Horatio

Horatio
[Photo by Jacquelyn Griffin)

Thursday, June 11, 2015

"To Become Children of God": A Meditation on John 1:1-5. 9-13

[Below is the text of a homily I gave at the graduation from the EfM group from which I graduated, and of which I was the mentor for three years. I served as deacon at the Eucharist and was delighted to see my friends graduate.]

The opening of the Fourth Gospel is sometimes called the “Logos Hymn.” It’s widely believed to actually have been a hymn, and it’s beautiful, if not the clearest part of the Bible. No, really; W.R. Inge called these verses “the charter of Christian Mysticism,” but Archbishop William Temple absolutely denied that they had anything whatsoever to do with mysticism. So work that one out.

The Gospel Reading for tonight is the core of that hymn. At my request, we cut out the introduction of John the Baptist, which is thought not to be part of the original hymn. And we stopped a little earlier than is usual.
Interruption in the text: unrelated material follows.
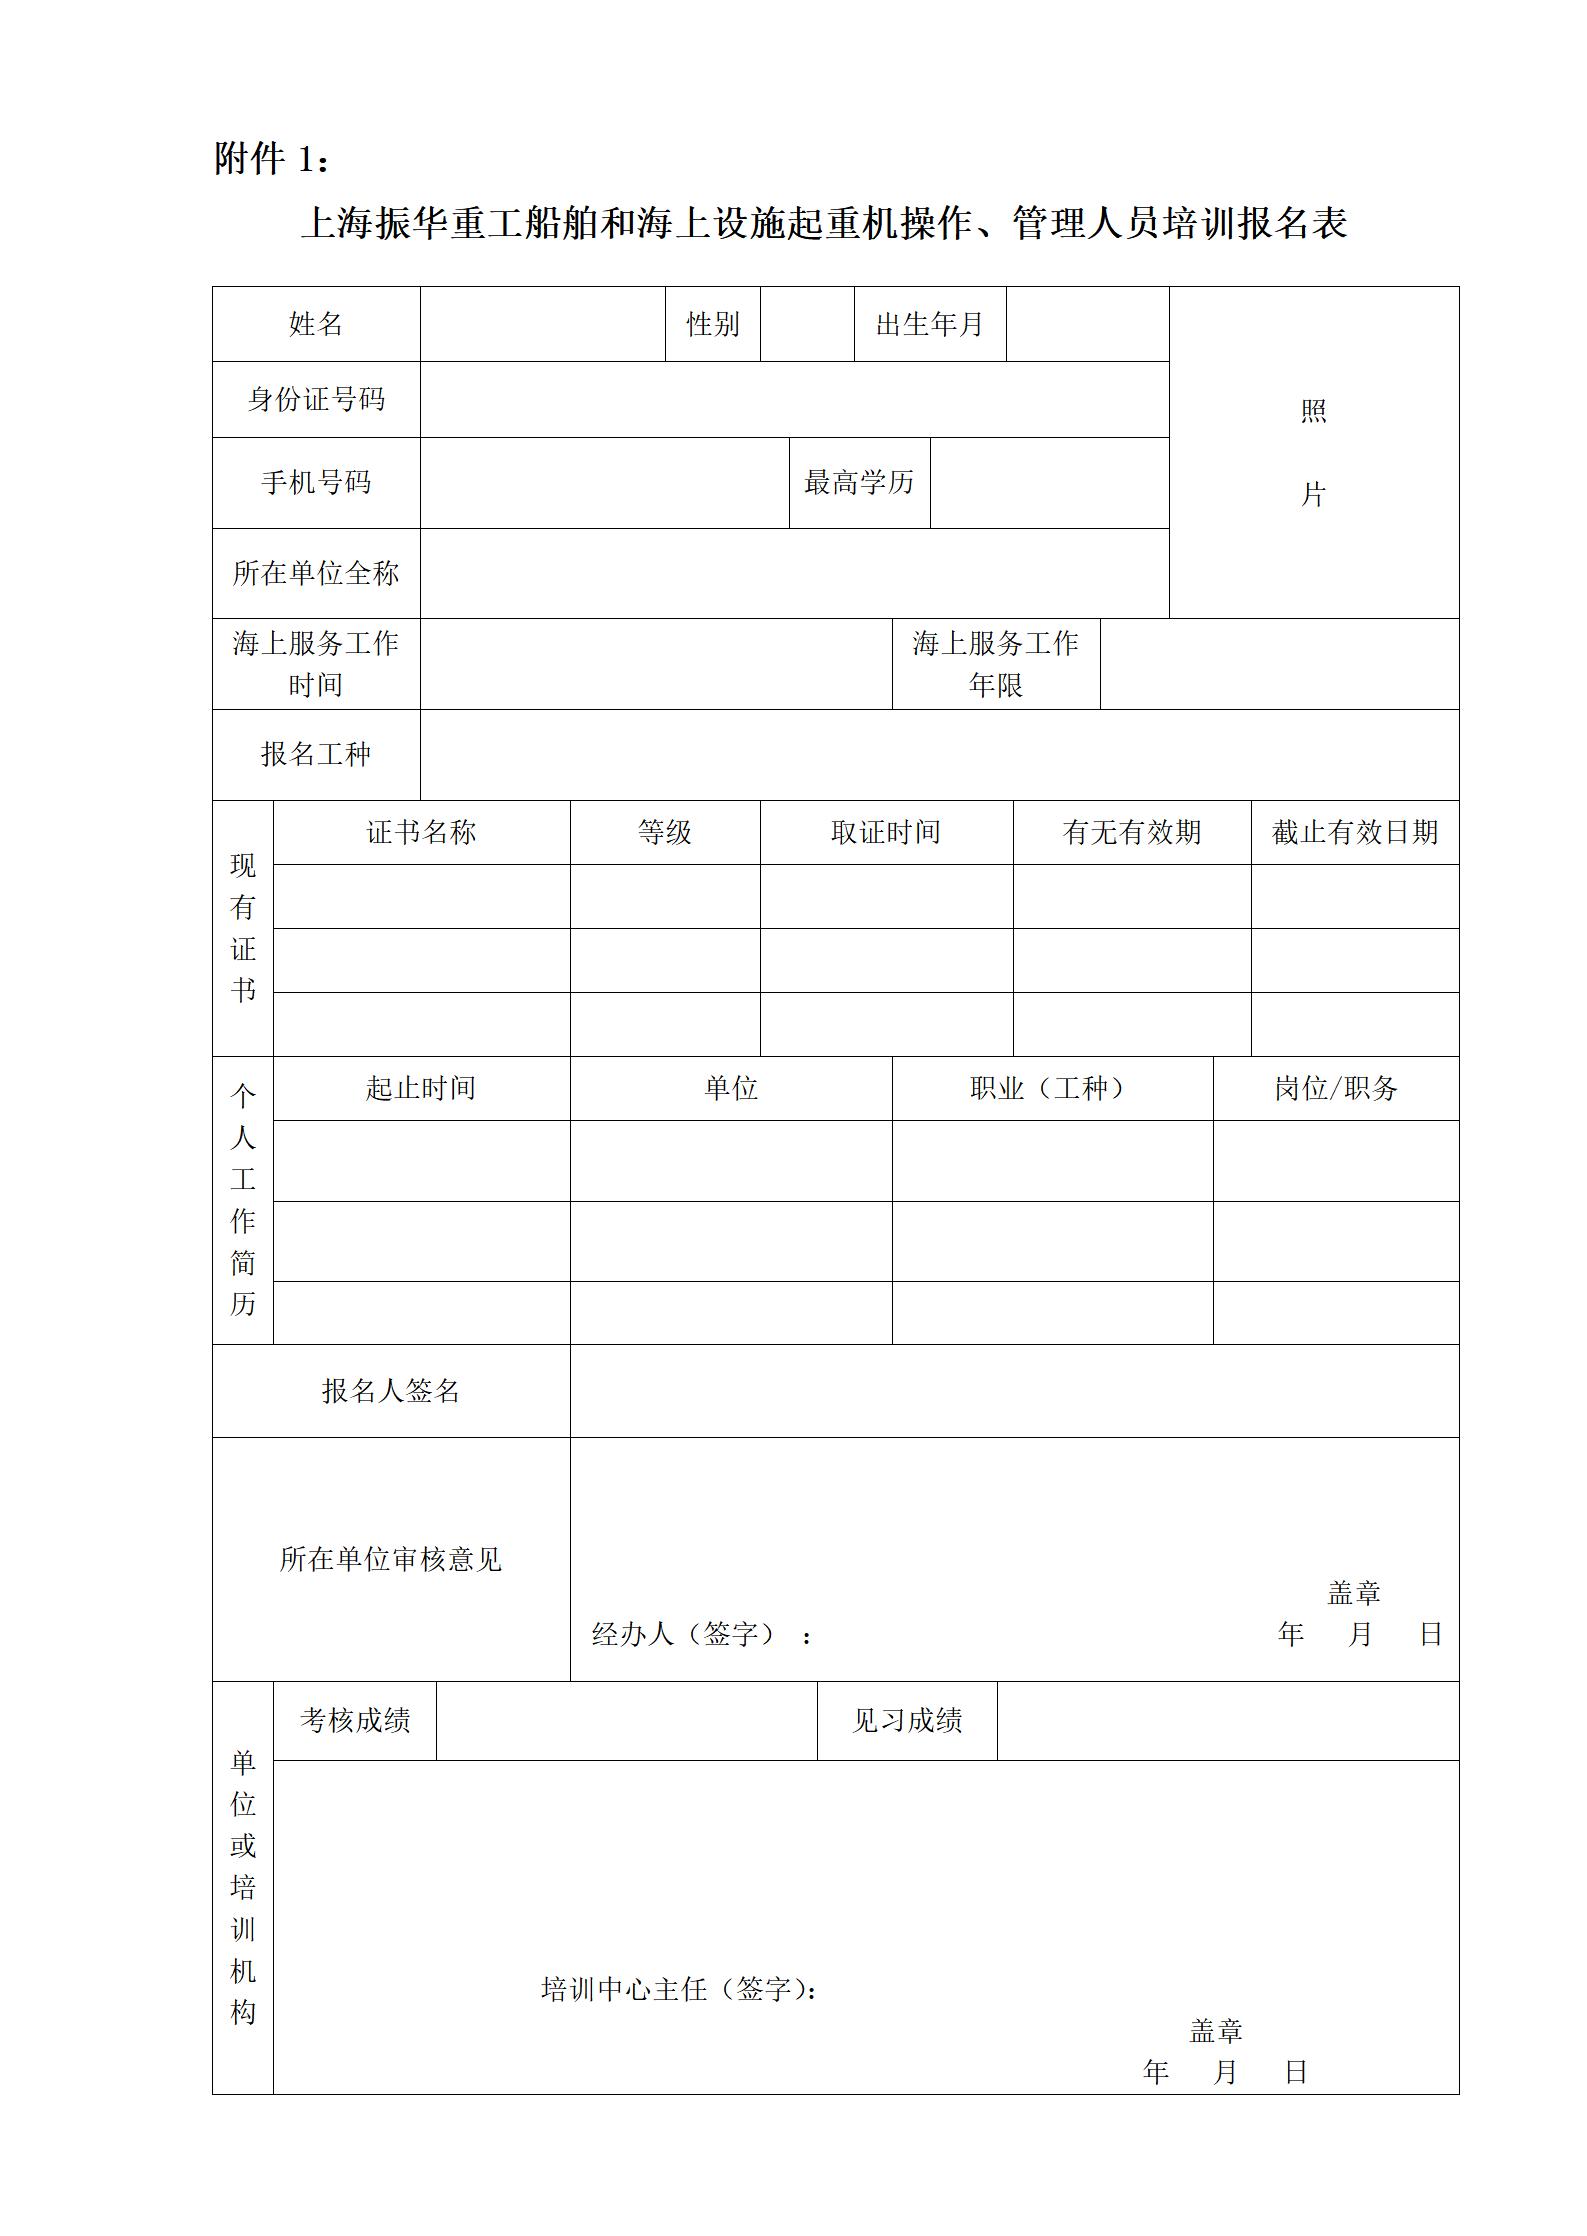 附件1：上海振华重工船舶和海上设施起重机操作、管理人员培训报名表_01.jpg

That’s because the portions I had the privilege of reading just now are, to me, especially rich, especially on a night like tonight, when we commemorate the graduation of the EfM Class of 2015. Because these verses have something to say about why they have spent four years studying The Hebrew Bible, The Christian Scriptures, Church History, and—right, whatever year 4 is. It’s rich, but it’s a little loosely wrapped.

Which is not a bad way to describe the Episcopalian approach to belief. Rich, but not too tightly wrapped.
John’s Gospel opens with this hymn, and its promise: “But to all who received him, who believed in his name, he gave power to become children of God.”

That’s what we’re doing here, right? Taking some steps as pilgrims walking what the original Christians called the Way. Believing in His Name, and, we trust, becoming children of God.

But what does that mean?

In this room—trust me, I know—there’s a wide variety of styles of belief from the sort of traditionalist (that’s me, actually), to those who lovingly embrace the Spirit while holding creeds and belief structure very loosely. We’re kind of like the Chicago 7, the radicals tried for conspiring to disrupt the 1968 Democratic Convention. One of the Seven, Abbie Hoffman, when he heard the indictment read, laughed. “Conspire, hell,” he said, “we couldn’t even agree on lunch.”

But that’s Anglicanism for you. When John A.T. Robinson wrote the once controversial Honest to God in 1963, newspapers hoping for a good God-fight asked that champion of traditionalist orthodoxy, C.S Lewis, what he thought about it. His answer surprised them:
The bishop …will disturb most of us Christian laymen less than he anticipates. We have long ago abandoned belief in a God who sits on a throne in a localized heaven. . . .We have always thought of God as being not only "in" and "above" but also "below" us....His view of Jesus as a window seems wholly orthodox . . . .Thus, though sometimes puzzled, I am not shocked by his article. His heart . . . is in the right place.
So, no fight between Lewis and Bishop Robinson. And likewise here in EFM. We’re all pilgrims in this room. We each know that it isn’t important exactly what words we use to interpret our common experience of being drawn to the love of God as expressed in the life and sayings of Jesus of Nazareth. It’s the experience itself that matters. Of course we can’t all frame it the same way. We don’t experience it the same way.

That’s what I think Inge was getting at when he called this passage the “charter of Christian mysticism.” For Inge, mysticism was about direct, personal experience, the “raw material of all religion, . . . that dim consciousness of the beyond, which is part of our nature as human beings.”

That consciousness of the beyond is a consciousness that the beyond is a realm of love.

And that helps us to understand the power to become children of God. It’s a slow, gradual thing, the reforming of ourselves in our common travels, as we each help our companions on the Way, and are helped by them in growing into our truest best selves.
So here’s something I learned from many gathered in this room. That power really is given to us by God, but not in some magic, Hollywood superhero way. It’s manifested slowly, over time, in experience and relationship. The experience of those moments when we feel the presence of that loving Other that we call God. The acceptance that we are called back, time and again, to be in relationship with that Other, and with our sisters and brothers, our fellow wayfarers, as we all grow into our inheritance as children of God.

In the name of God, Father, Son, and Holy Spirit.